Canadian Program on Genomics and Global Health at the University of Toronto Joint Center for Bioethics, "Nanotechnology's miniature answers to developing world's biggest problems," PhysOrg.com, April 12, 2005. Retrieved from http://www.physorg.com/news3681.html on April 20, 2005.

Nanohype is not only about exaggerated negative assessments of nanotechnology but also the highly positive ones. While it is completely understandable when we hear industry spokespersons and government bureaucrats hailing the positive aspect of applied nanoscience, one is taken a bit aback when this same type of rhetoric is espoused by an independent group of academics and researchers.

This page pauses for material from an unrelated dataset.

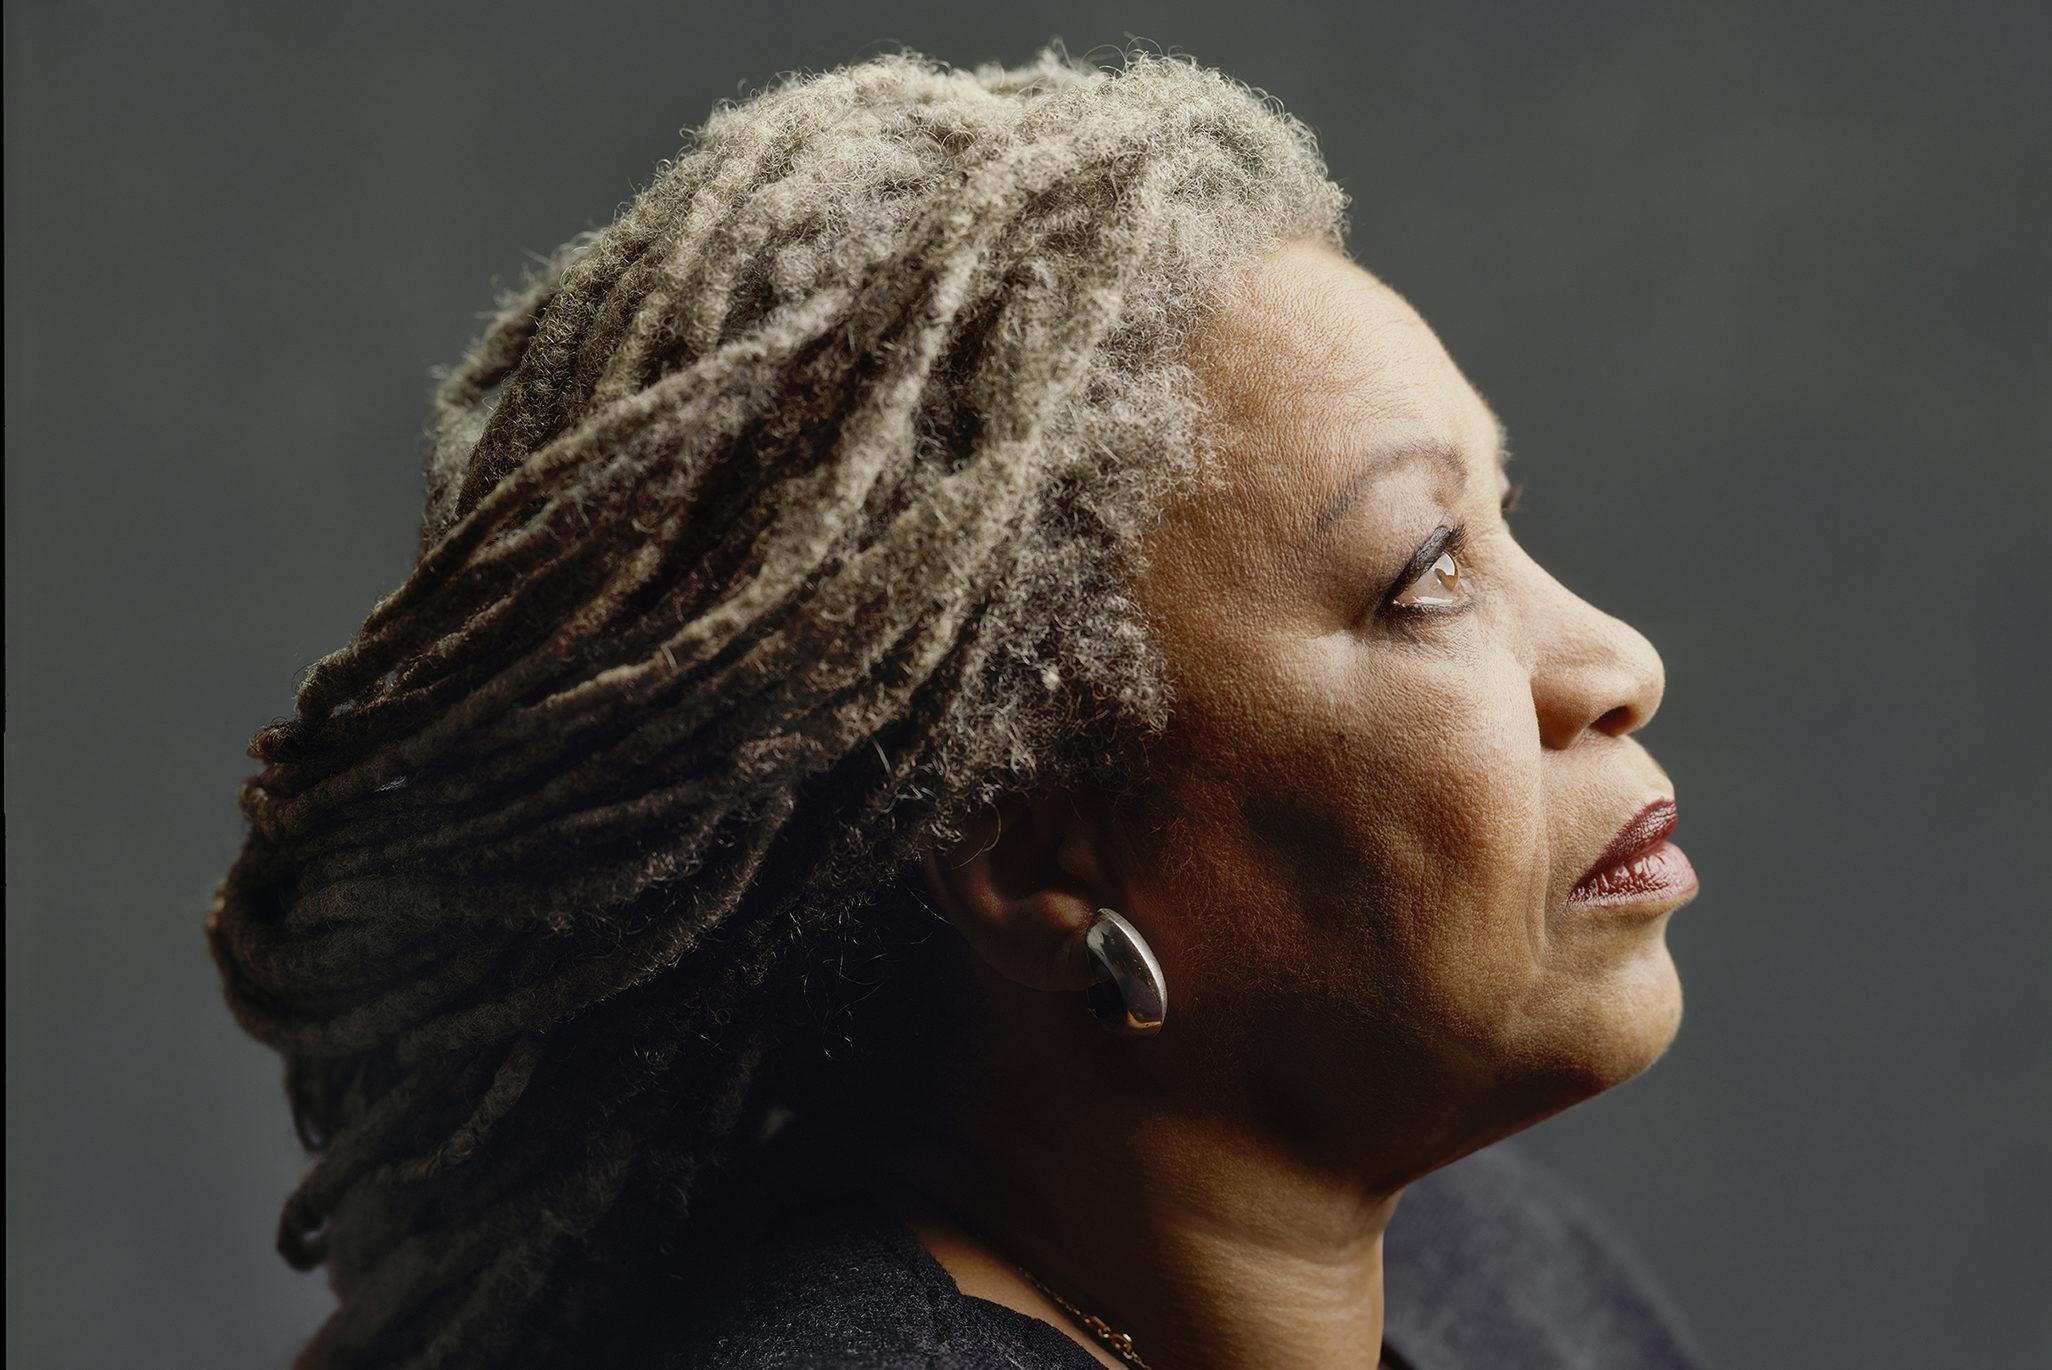 Toni Morrison kimdir? Toni Morrison öldü mü?

Let's not blame PhysOrg entirely. The report can be found all over the web in has appeared in whole and part in multiple hardcopy publications as well.

As well, the award goes to the Canadian Program on Genomics and Global Health at the University of Toronto Joint Center for Bioethics and I have been a fan of their work (see March 28,2005 post). In this case, they did an Internet survey of nanotechnology applications in development worldwide with the greatest potential for the poor. The study found: "several nanotechnology applications will help people in developing countries tackle their most urgent problems--extreme poverty and hunger, child mortality, environmental degradation and diseases such as malaria and HIV/AIDS."

According to Peter Singer, "The targeted application of nanotechnology has enormous potential to bring about major improvements in the living standards of people in the developing world."

First, this methodology is highly questionable and without any control over the sample we must take these findings with a proverbial grain of salt. This author participated in this survey. Second, these findings ignore both the time frames for this discussion and the politics involved in making predictions of this sort. When the first nano-products on the market have been luxury and vanity products like stain-free pants, better tennis rackets and balls, etc., we need to seriously question whether the truckle down scenario which has been proven so false in economics will be any more accurate in technology transfer and commercialization.

The report lists the top ten and reminds me of Jay Leno's The Tonight Show routine except this version is not intended to be humorous.

Take, for example, number 3 (which I ranked number 1). According to Salamanca-Buentello, "More than one-third of the population of rural areas in Africa, Asia, and Latin American has no clean water, and two million children die each year from water-related diseases, such as diarrhea, cholera, typhoid, and scistosomiasis, which result from a lack of adequate water sources and sanitation." The report claims that "Nano-membranes and nano-clays are inexpensive, potable and easily cleaned systems that purify, detoxify and desalinate water more efficiently than conventional bacterial and viral filters.... Titanium dioxide and magnetic nano-particles systems could decompose organic pollutants and remove salts and heavy metals from liquids, enabling the use of heavily contaminated and salt water for irrigation and drinking."

While this would be wonderful, it is important to situate discussion within the societal-political setting that nano-products will enter. The first filters will be commercial products sold for American homes and municipal water treatment. Unless, countries, like Israel, focus directly on nanoscience and desalination, as they seem to be doing, it will be some time before nanotechnology is applied there.

Instead of continuing to harp on the wonderful implications nanoscience may hold, it is time to assess how we can get to the benefits from where we are currently situated. The drone needs to be toned down and the debate over long-term and transformative benefits to society needs to add the variable of implementation. Too much of what appears in the media ignore too much of the reality of nanotechnology and this is merely an example.